Norms are what you compare an individuals scores with when they take a normative test. They comprise tables  which enable you to turn an individual’s RAW SCORES into STANDARD SCORES which can then be compared with other people’s performance.


Norms are created when a large sample of individuals is asked to fill in a test and then their scores are analysed.


There are guidelines for the minimum number of people that should take a test to create norms in order for the test to be VALID. In fact this number varies considerably from many thousands for educational tests to a few tens for tests of clinical mental states.


What sorts of norm groups a manual contains tells you a lot about whether a test is relevant to your purpose.


A test may report general population norms, for instance. It has been tried out with a sample of people that reflects the make up of the UK population in terms of gender, age, ethnic origins, geographical area. It may offer specific norms ( successful accountants or aircraft maintenance staff or directors ). Expert test users can create their own norms relating to a particular defined group or within an organisation though there are some technical problems around interpreting scores based on very specific tightly defined norm groups that users should be aware of.


You should look at the description of the norm groups for any test to check you’re comparing it with a relevant sample.

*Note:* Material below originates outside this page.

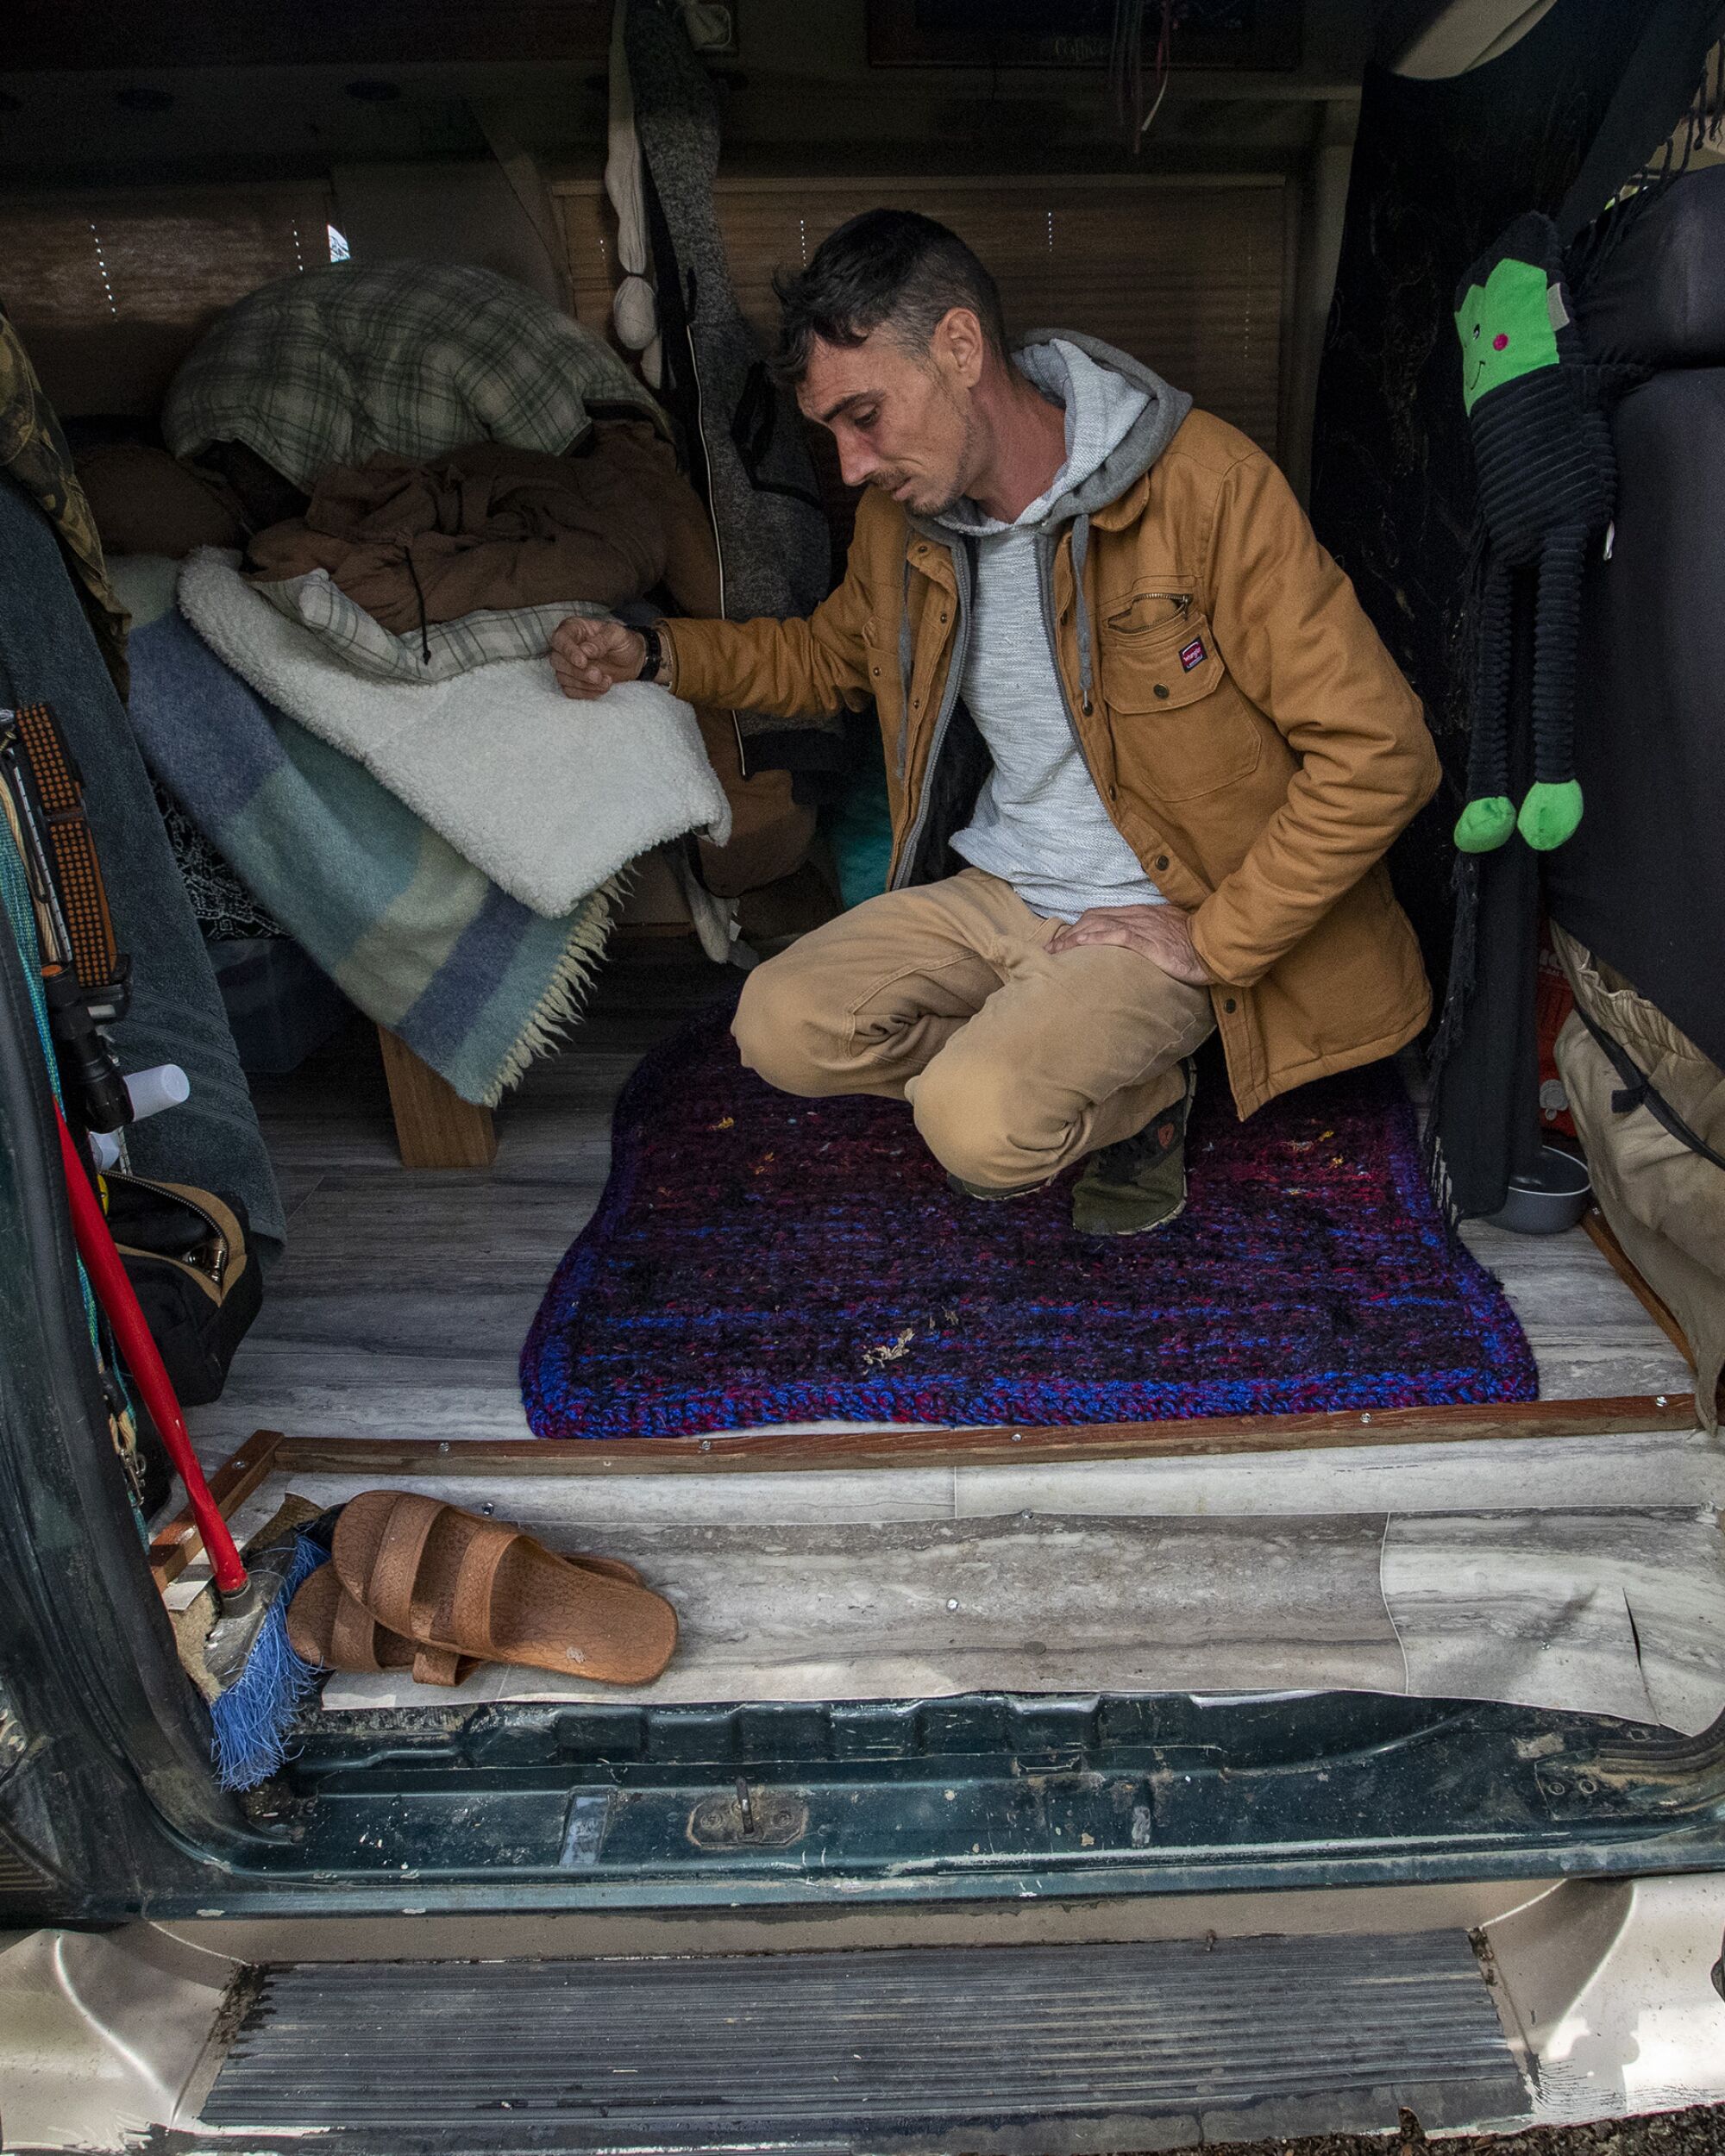 A cannabis worker lives in his van

Norm groups go out of date as jobs, training, education, society and the language in which ITEMS are written change. It’s easier to update norms on the internet than it is in printed versions of tests, where publishers often offer NORM SUPPLEMENTS; data gathered after the test was published but not yet integrated into the main manual.


Converting RAW SCORES into STANDARDISED SCORES used to be a complicated, eye-straining and mistake ridden task using tables in the back of a manual. Computer systems do this matching and conversion process for us, nowadays.






In a MULTIPLE CHOICE  test you chose your answer or reaction from a number of options offered to you. Open Ended Format tests don’t offer options: you provide your own responses. Exams which demand essays are open format assessments. So are tests which present you with a stimulus ( a picture for instance ) which you have to react to spontaneously.




Human beings seem to place greater reliance on numbers than words. This brings dangers of over-interpretation.


If someone scores 6 on a test and someone else scores 7 we tend to see the difference as significant. We a difference in numbers as somehow more precise than the difference between the words “more” and “ less”.


Good psychometric tests use STANDARD SCORES, the NORMAL CURVE OF DISTRIBUTION, STANDARD OF ERROR OF MEASUREMENT and a range of sophisticated statistical techniques to highlight how much reliance you can put on the numbers testing produces.


This might seem a waste of time, given that you’re using tests to make important and often urgent decisions. Put this characteristic of testing another way and it becomes clearer why it’s a real benefit. Testing highlights what is significant about a person and prevents you from over-interpreting insignificant details.


Dealing with people is a complex business and anything that can help us focus on key issues will, in the end, help us make better decisions.


The issue of Over-Interpretation highlights another point. Since tests use numbers there’s a tendency to over-rely on them. Thomas International stresses that tests should never be used on their own. They provide very rich information on specific areas of human functioning but you need to use them with other techniques to get the rounded information you require to make a crucial decision.